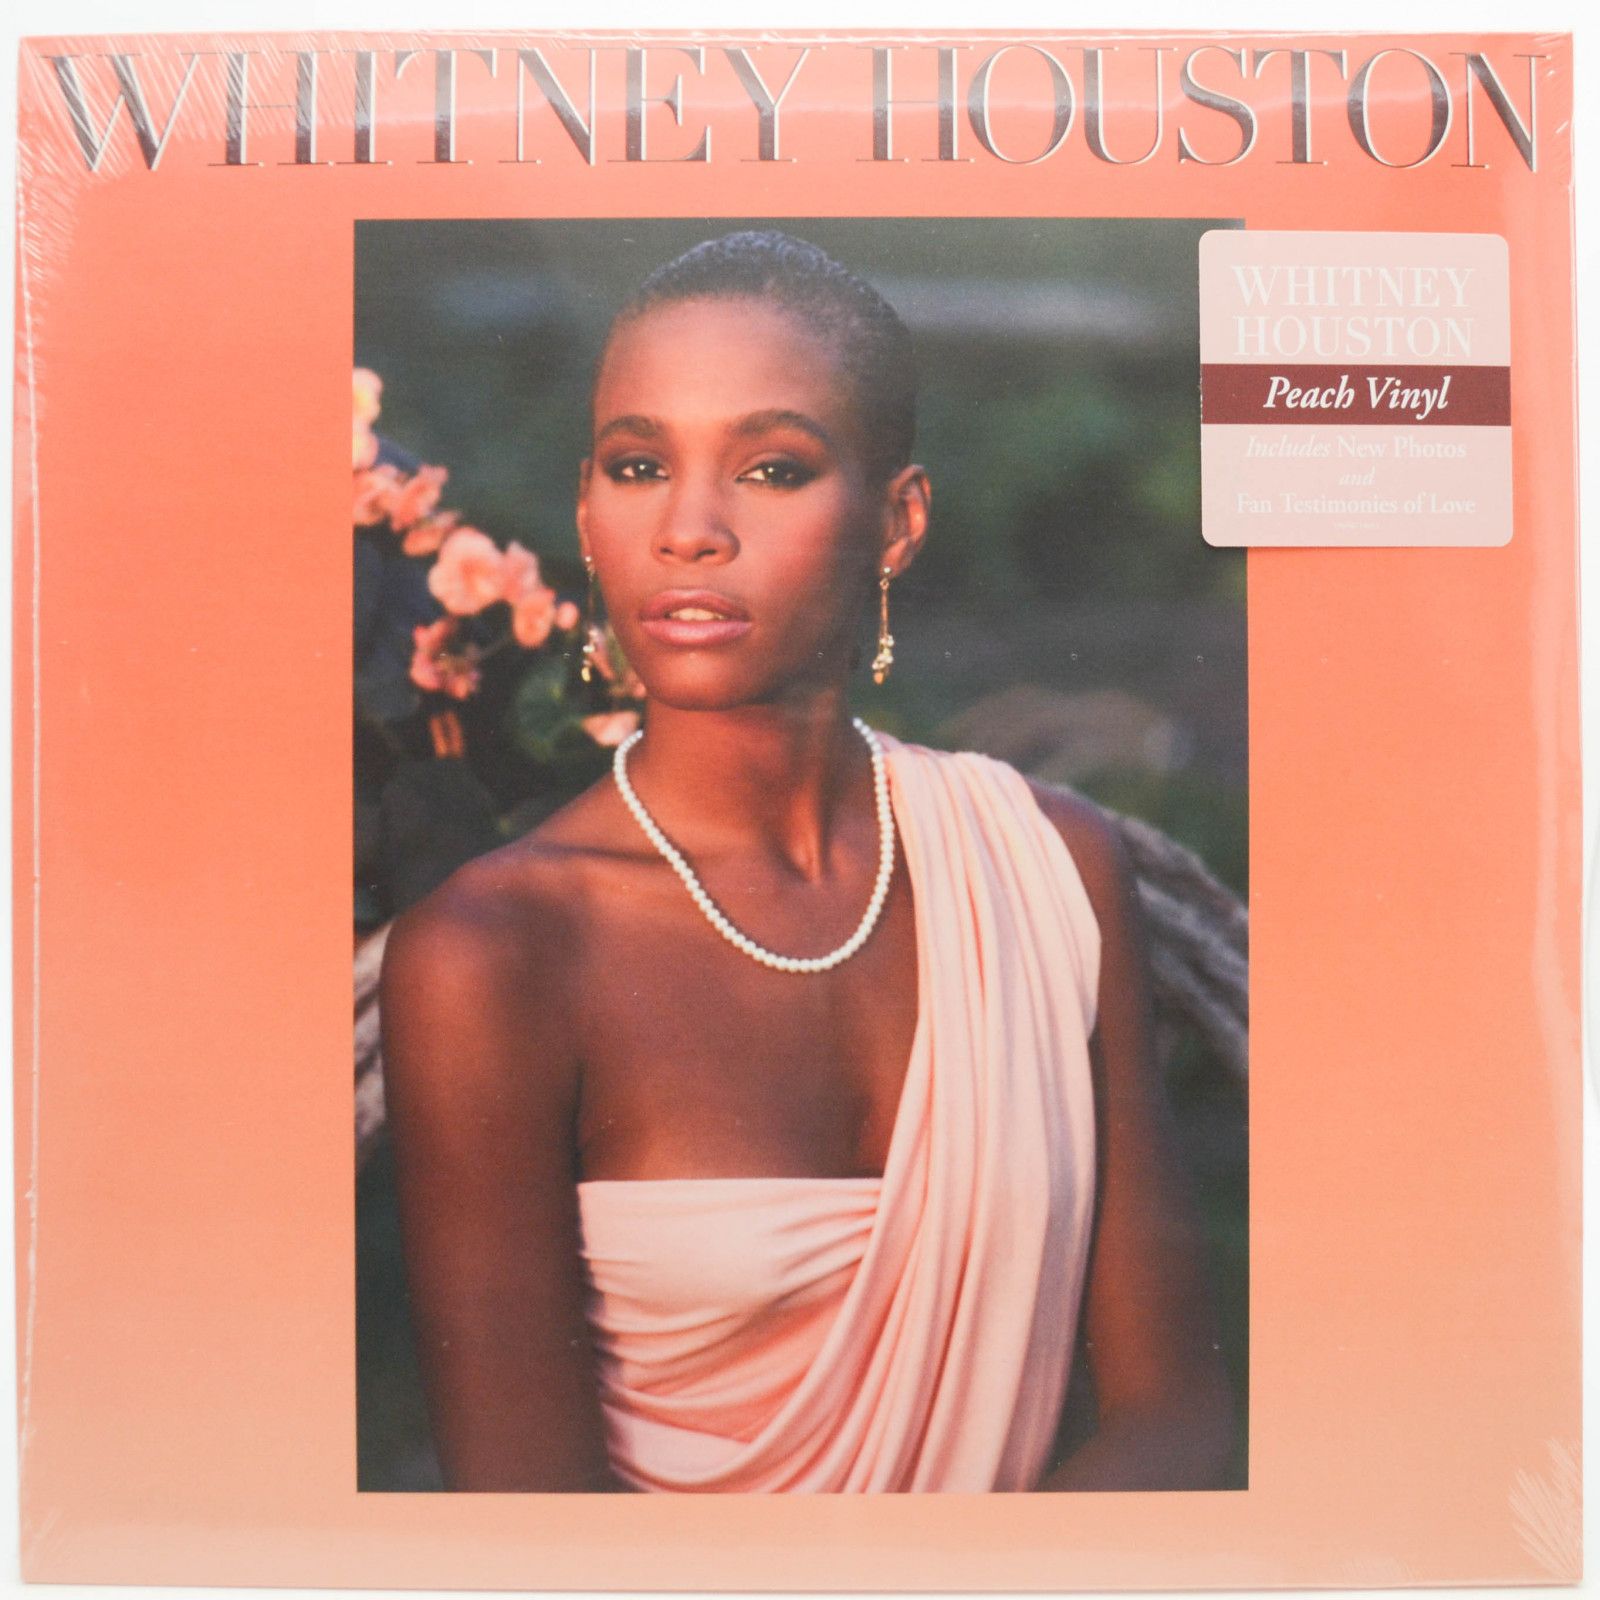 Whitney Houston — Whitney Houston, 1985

--

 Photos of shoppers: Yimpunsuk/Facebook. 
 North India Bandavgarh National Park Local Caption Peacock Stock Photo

=== Work to be completed ===
Taking the lines above, repeat exactly those from the line that contains "Photos of shoppers: Yimpunsuk/Facebook." through the line that contains "North India Bandavgarh", and both of those lines as well. Include nothing else.

=== Task output ===
 Photos of shoppers: Yimpunsuk/Facebook. 
 North India Bandavgarh National Park Local Caption Peacock Stock Photo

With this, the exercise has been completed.